Characterizing glycoprotein material properties

Using recently developed techniques43 and applied in a subsequent study63, we characterized the Young’s (elastic) modulus and toughness of A. trifasciata glycoprotein in droplets from each of the four web positions. We performed this analysis for Phase 1 extension43, the first portion of a droplet’s extension during which the extending glycoprotein filament is completely covered by aqueous material (Fig. 1D). This corresponds to droplet performance typically observed in the course of thread pull off43.

The angular deflection of the line supporting an extending droplet (Fig. 1D) was used in conjunction with the diameters (2.9 µm) and Young’s modulus (8 MPa) of the two flagelliform fibers within this line (values taken from the literature16): to compute the force on the glycoprotein filament within an extending droplet. As the details of this method are explained in the literature43, we only review the procedures here. When droplet extension was first initiated we measured the support line’s deflection angle and assigned a droplet length equal to the diameter of the droplet’s glycoprotein core when configured as a sphere. At each additional 25% extension interval we measured both filament length and support line angular deflection.

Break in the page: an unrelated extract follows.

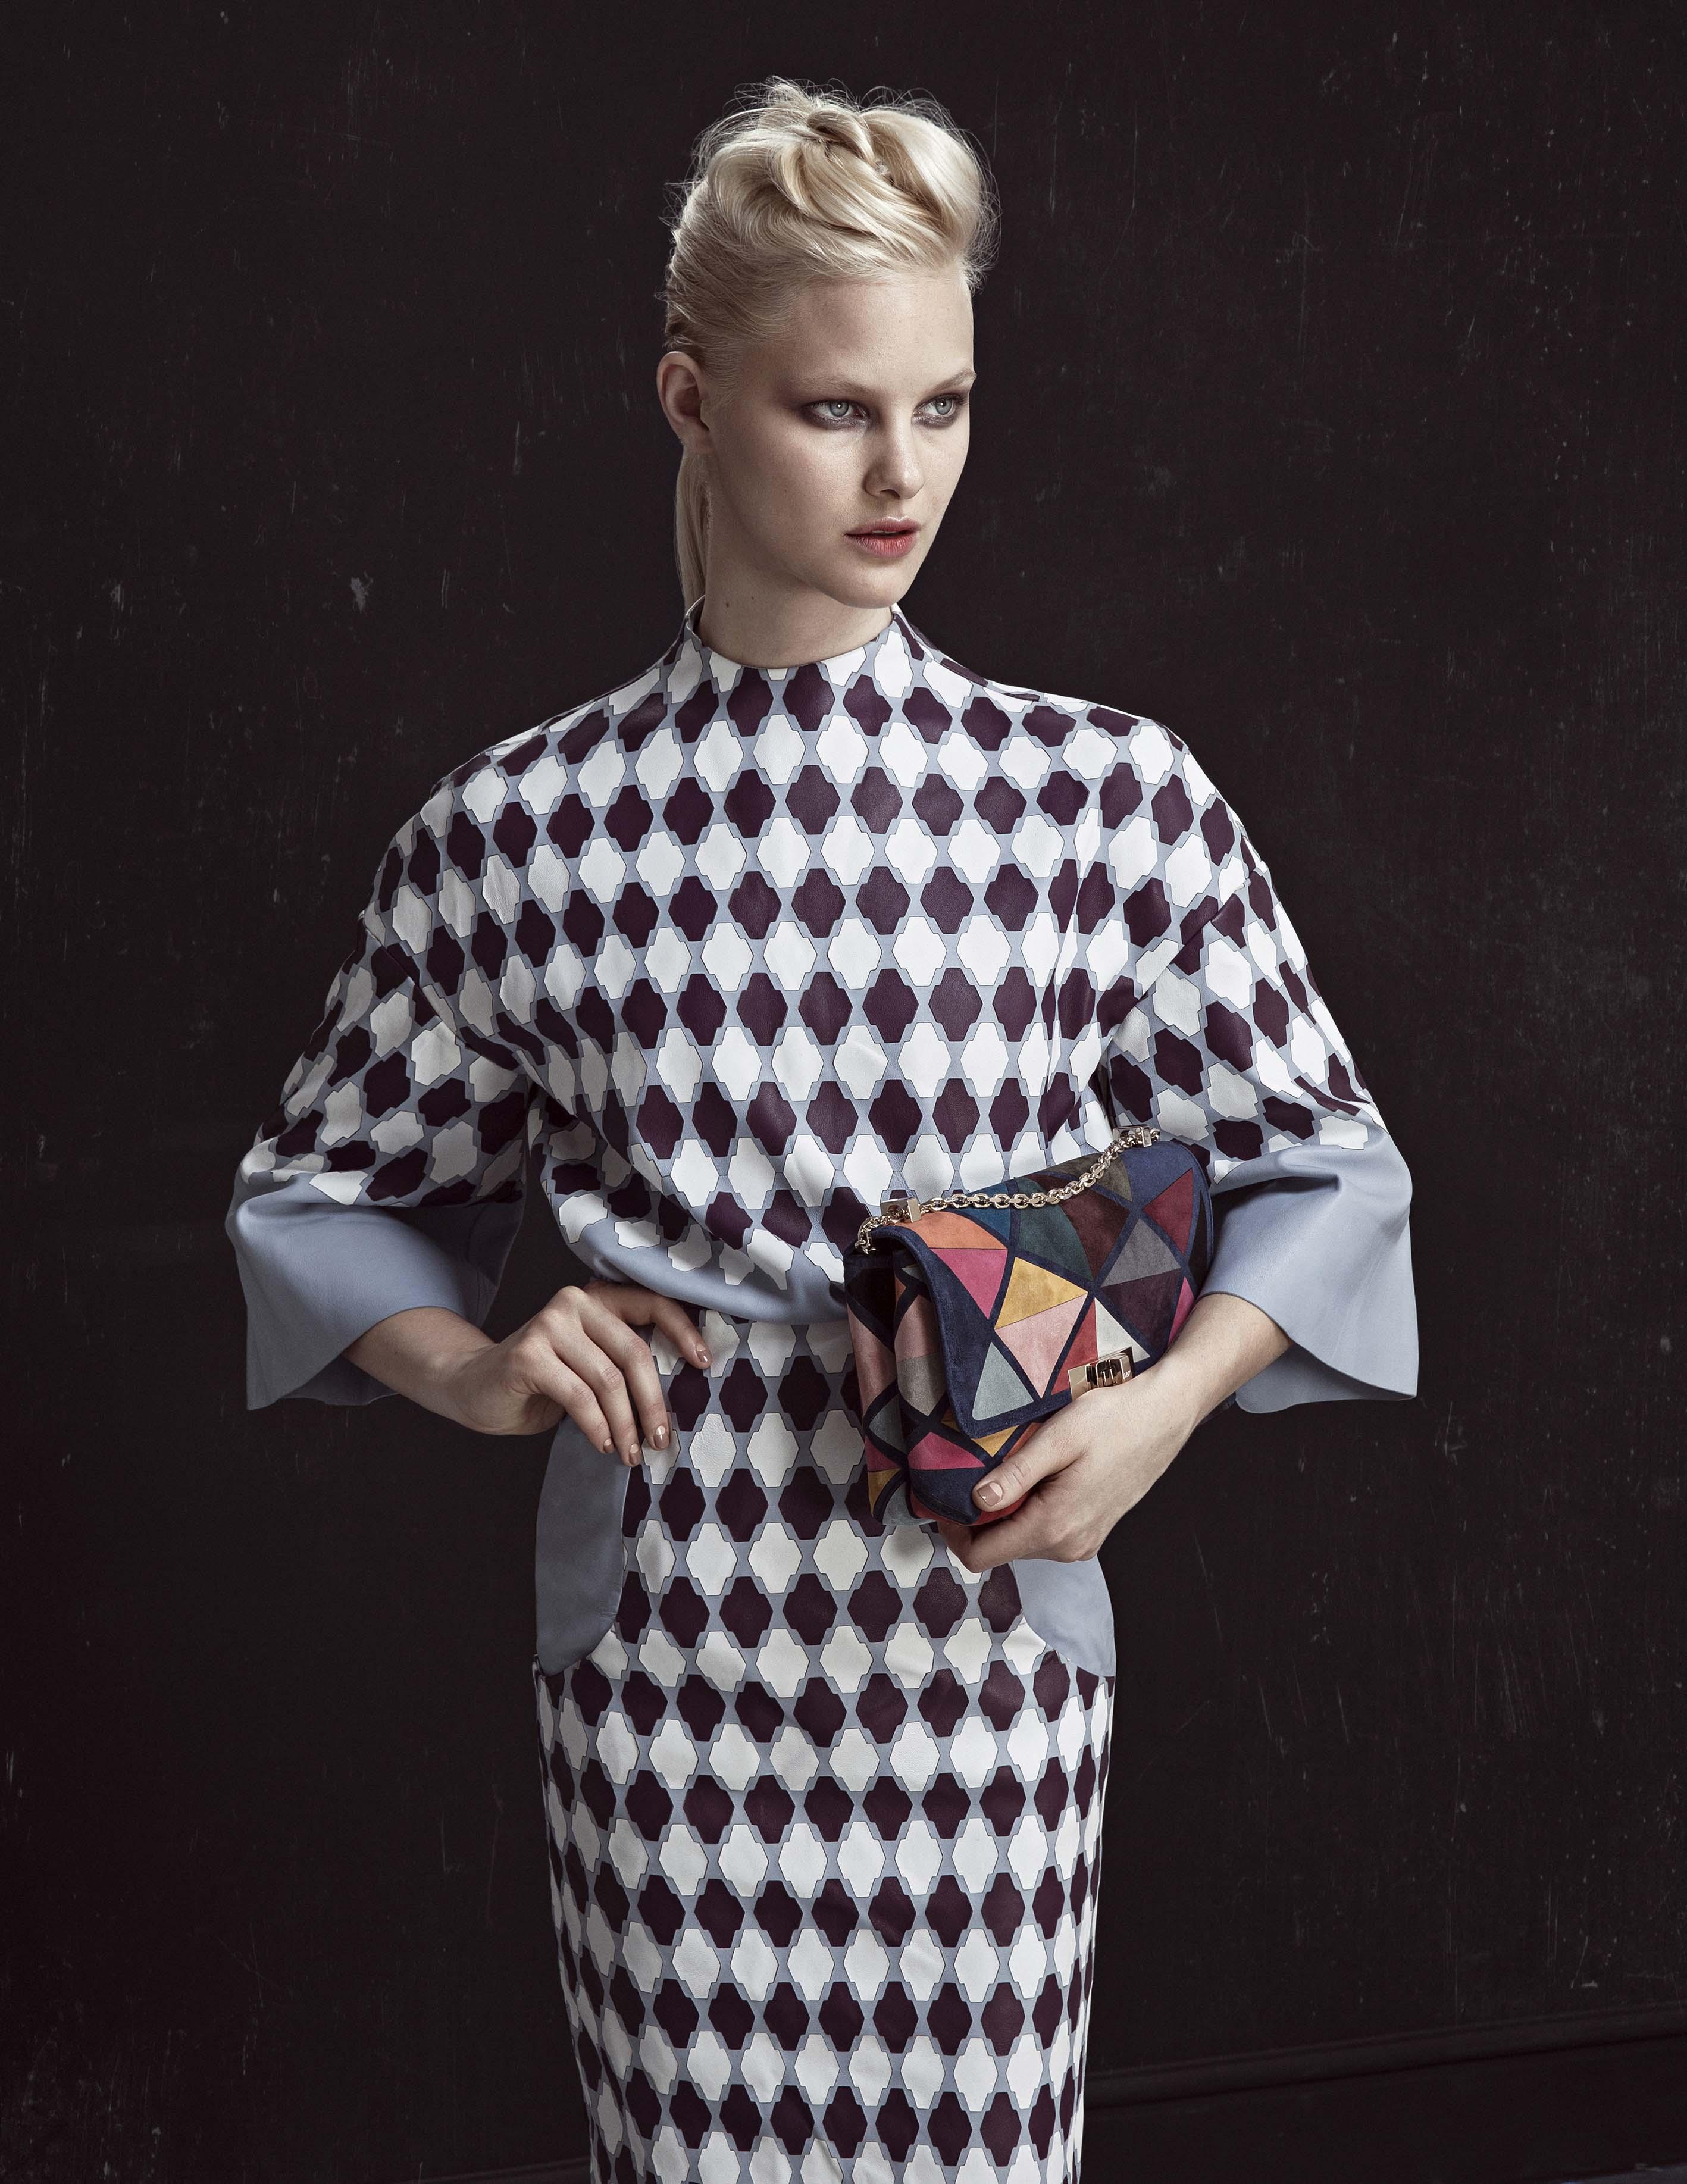 Stylist: The Interpreters of Fashion: m, Anna Anna foster fashion stylist

At each interval we computed true strain as the natural log of the droplet filament’s length divided by the diameter of its glycoprotein core when configured as a sphere. True stress on a filament was computed at the initiation of droplet extension and at the four subsequent 25% extension intervals. This was done by dividing the force on the filament (determined as described below) by glycoprotein cross sectional area (CSA). At the initiation of extension CSA was computed as that of a cylinder with a height equal to the diameter of a glycoprotein core when configured as a sphere. At the remaining five intervals, CSA was determined by dividing glycoprotein volume by filament length. An extended droplet was positioned at the center of a 4800 µm thread span. Therefore, we were able to use the Young’s modulus and diameters of the axial lines and the angular deflection of the support line to calculate the force that each side of the support line exerted on the droplet. This angle (Fig. 1D) was then used again to resolve these force vectors into force on the extending glycoprotein filament.

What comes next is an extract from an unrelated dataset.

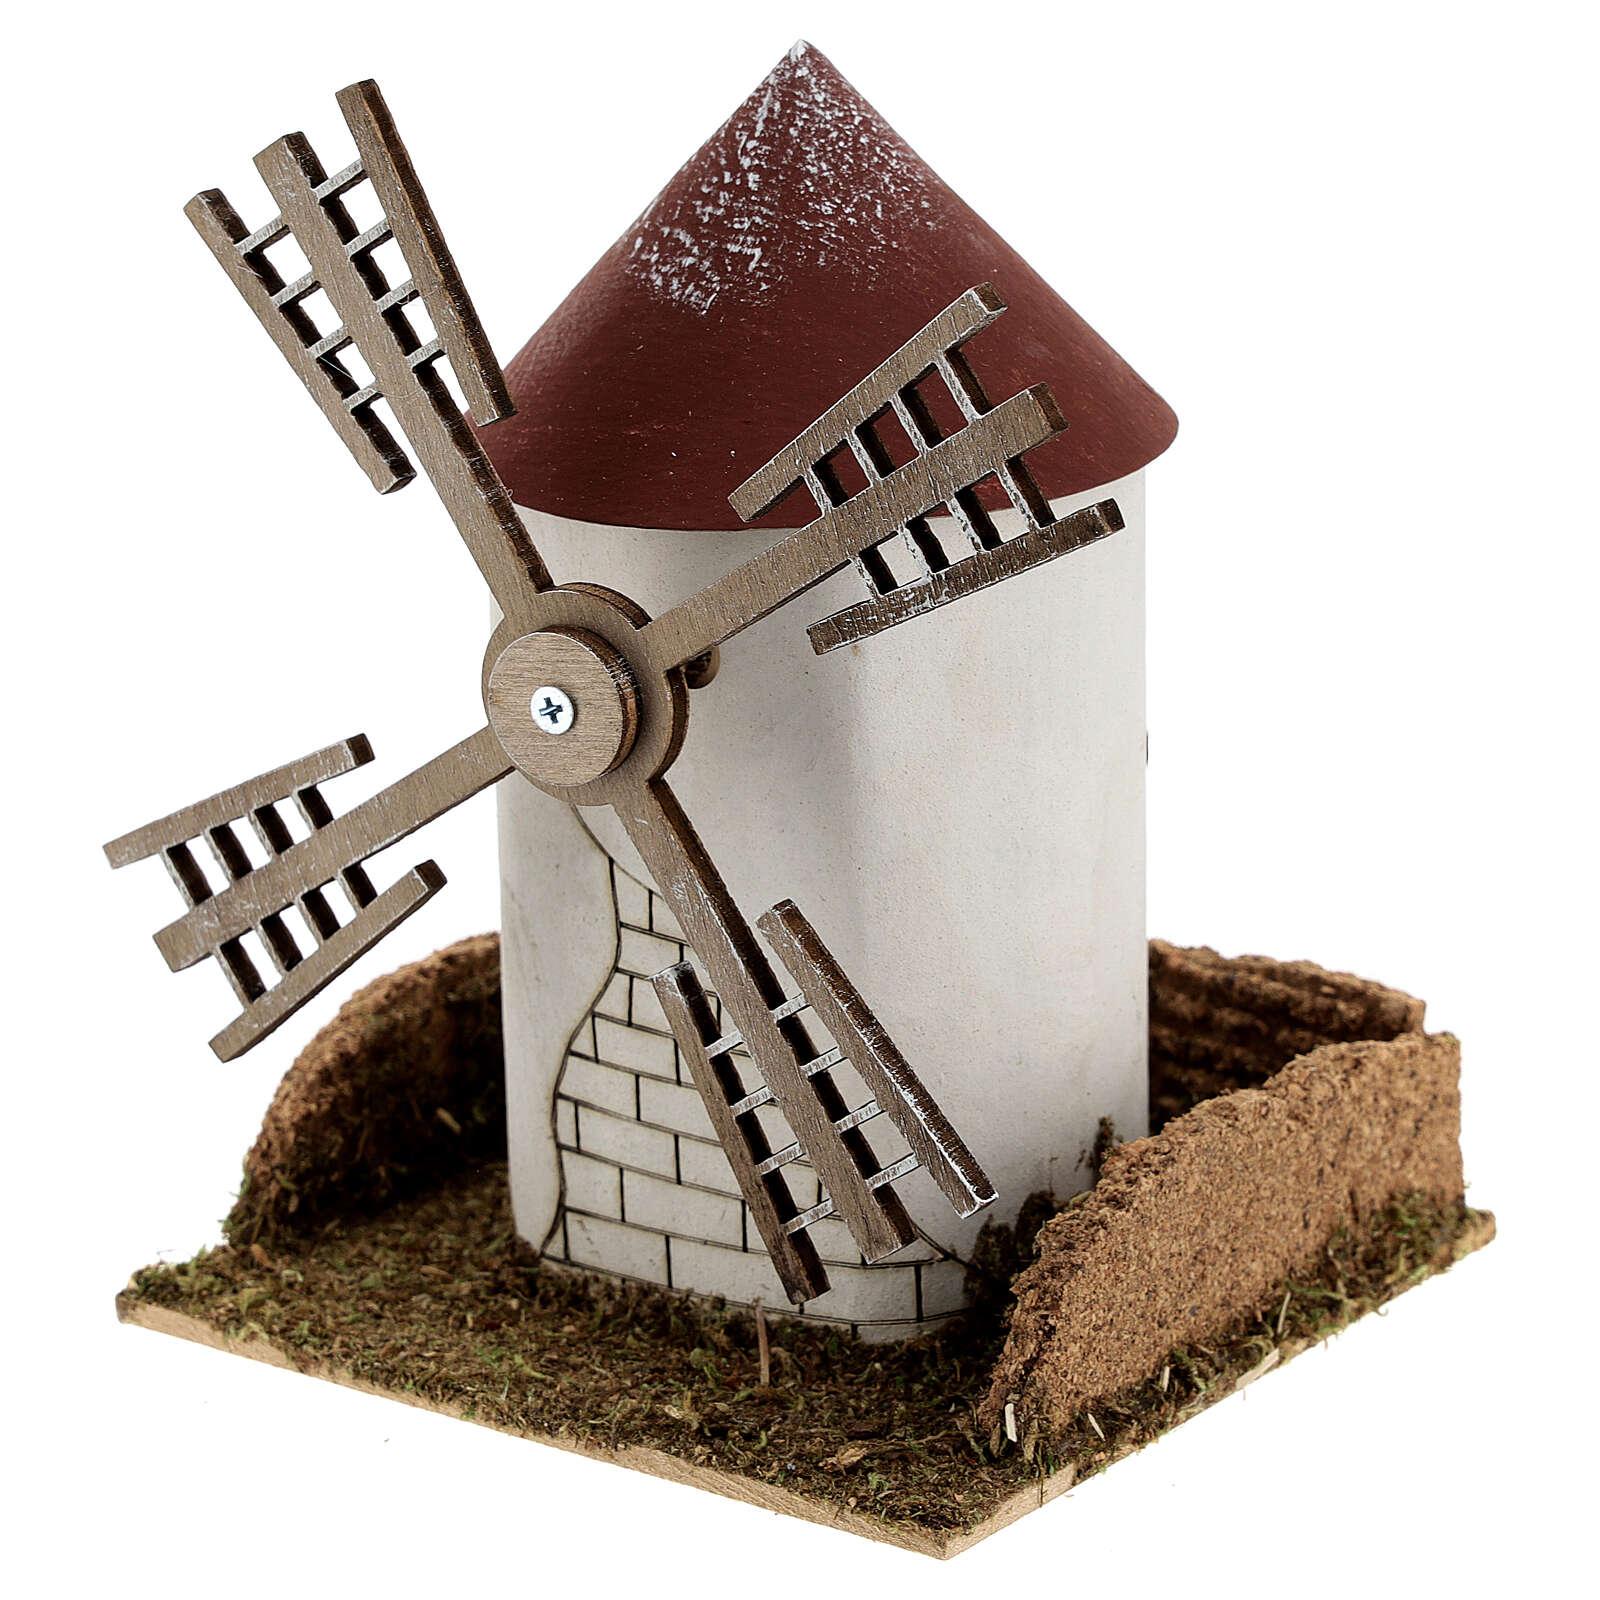 Mulino a vento pala fiamminga funzionante 20x15x15 cm presepi 4-6 cm 4

Evaluating the effects of flagelliform fiber diameter on glycoprotein properties

We examined the effects of flagelliform fiber diameter (FFD) on glycoprotein Young’s modulus and toughness in two ways. First, we determined the effects of 10 and 20% reductions and 10 and 20% increases in the 2.90 µm FFD of bottom web sector force on glycoprotein filament and on glycoprotein Young’s modulus and toughness. We then successively altered FFD for all replicates of top, middle, and inner web positions until we arrived at an FFD for each position that yielded a grand mean toughness value for each web position equal to that of the bottom position value of 0.7944 MJ.m3. Differences between the FFD values necessary to achieve this match and the standard 2.90 µm used in our computations indicated the degree to which FFD would have to change during web construction to account for the intra-web differences in glycoprotein toughness that we report.

Statistical analysis

Properties of the three replicate droplets used to characterize droplet and glycoprotein volumes and of the three extended droplets used to characterize glycoprotein material properties for each position of an individual’s web were averaged and these mean values used as this individual’s values for graphical and statistical comparisons. Thus, each web position had a sample size of 12 for statistical tests. We used JMP (SAS Institute, Cary NC, USA) to analyze data, considering comparisons with P ≤ 0.05 as significant. The normal distributions of values were assessed with a Shapiro-Wilk W-test, with values of P > 0.05 being considered normal. If one or more web position values were not normally distributed we used a Wilcoxon / Kruskal-Wallis Test to compare mean values and, when significant, then used Wilcoxon Each Pair test to rank mean position values. If position values were normally distributed, we used a one-way ANOVA to compare values and a Tukey-Kramer HSD test to rank means.